Both conventional and snatch grip deadlifts can be challenging, so I think it’s better to say that the lifts are different. The snatch grip deadlift can be more challenging, as the wider grip will require more grip strength and also attack the upper back muscles more so than a conventional deadlift. However, a conventional deadlift can be performed with more weight, making it a challenging movement in its own right.

What muscles does the snatch grip deadlift target?

The snatch grip deadlift is a full-body exercise, using both lower body muscles in the posterior chain (glutes and hamstrings), abdominal muscles in the core, and back muscles (notably the lats). However, the snatch grip on this exercise will utilize more grip and upper back muscles—like the rhomboids and spinal erectors—than your typical deadlift.
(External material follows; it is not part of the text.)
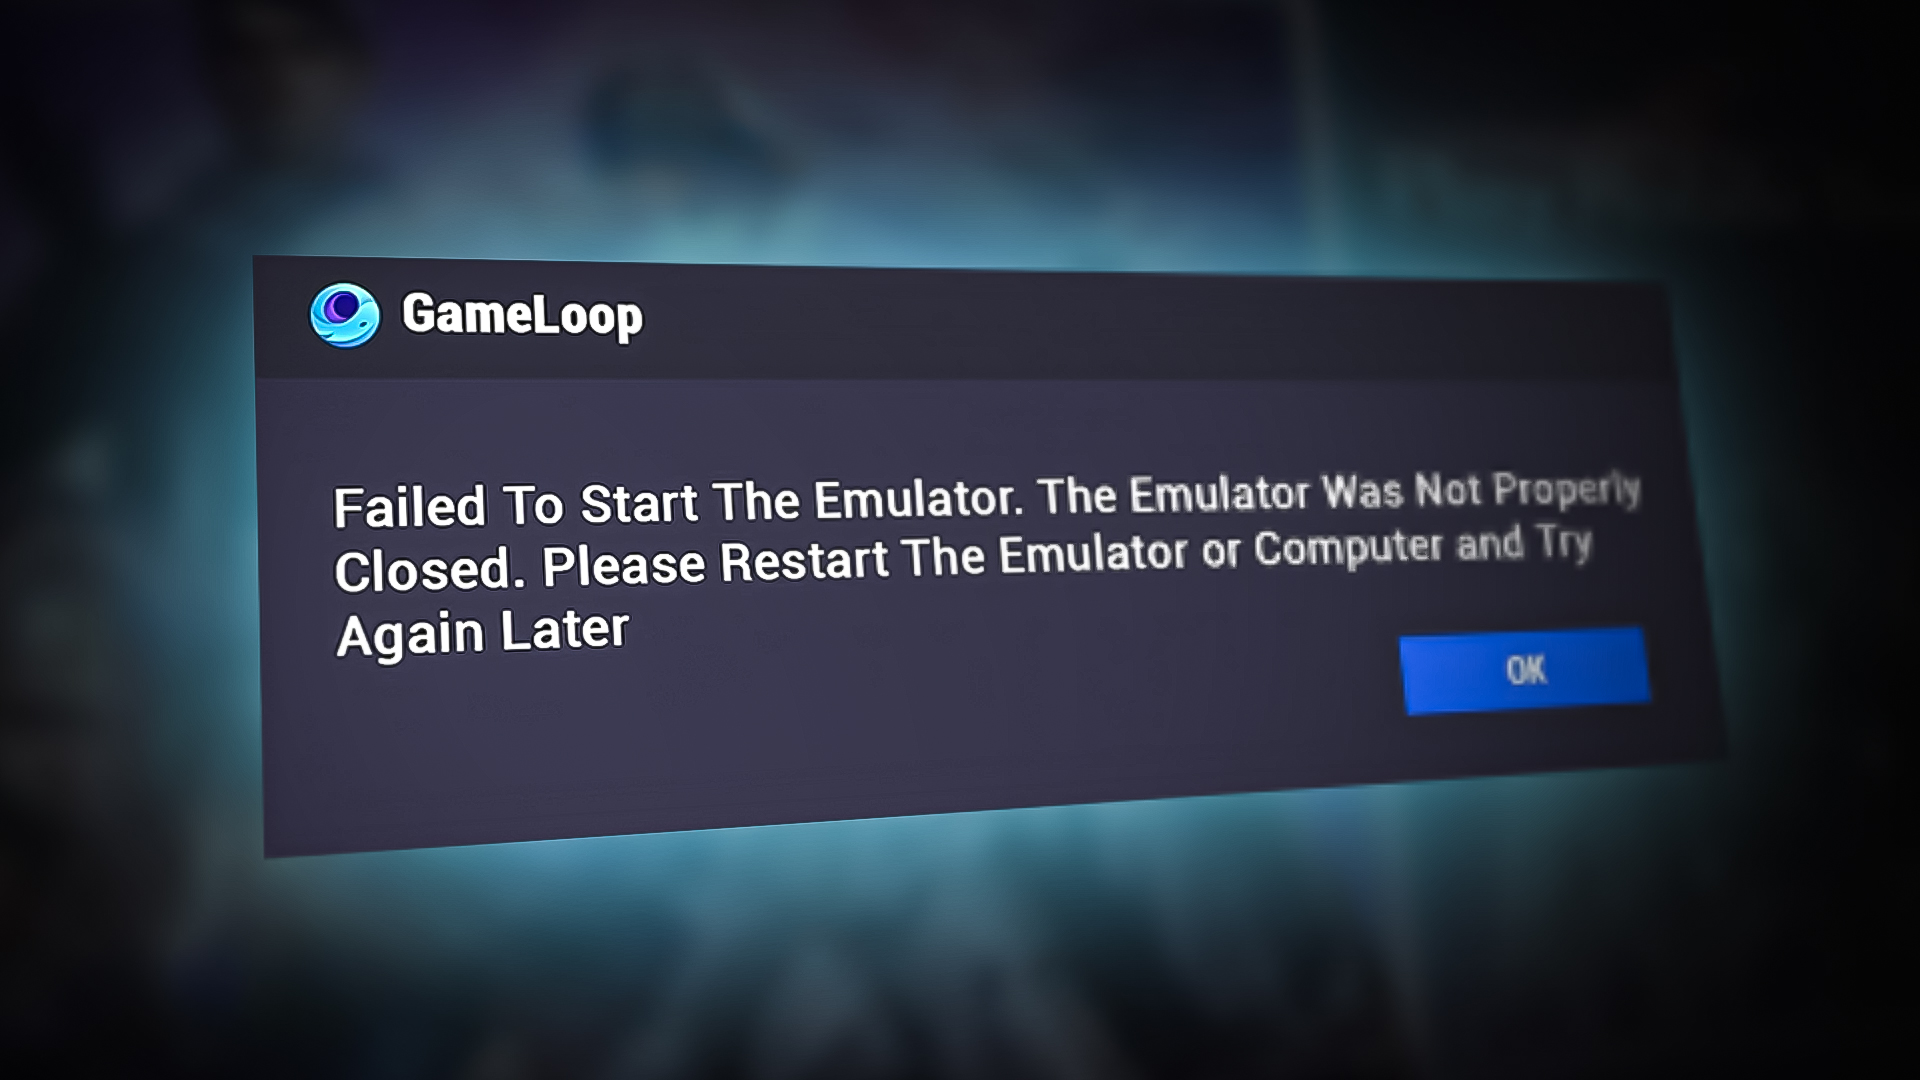 GameLoop Failed to Start the Emulator Error

How do I find a grip width for a snatch grip deadlift?

To find your proper snatch grip, the barbell should be at the hip crease while standing, where the bar would ideally make contact in a full snatch. So, while standing, grab a barbell and move the grip out until the bar rests at the hip crease or where the hips fold when bending forward. You can make minor adjustments based on preference from here, but this will be a good starting point for most people.


  1. Yanagisawa O, Oshikawa T, Matsunaga N, Adachi G, Kaneoka K. Acute Physiological Response of Lumbar Intervertebral Discs to High-load Deadlift Exercise. Magn Reson Med Sci. 2021 Sep 1;20(3):290-294. doi: 10.2463/mrms.mp.2020-0052. Epub 2020 Sep 1. PMID: 32879259; PMCID: PMC8424024.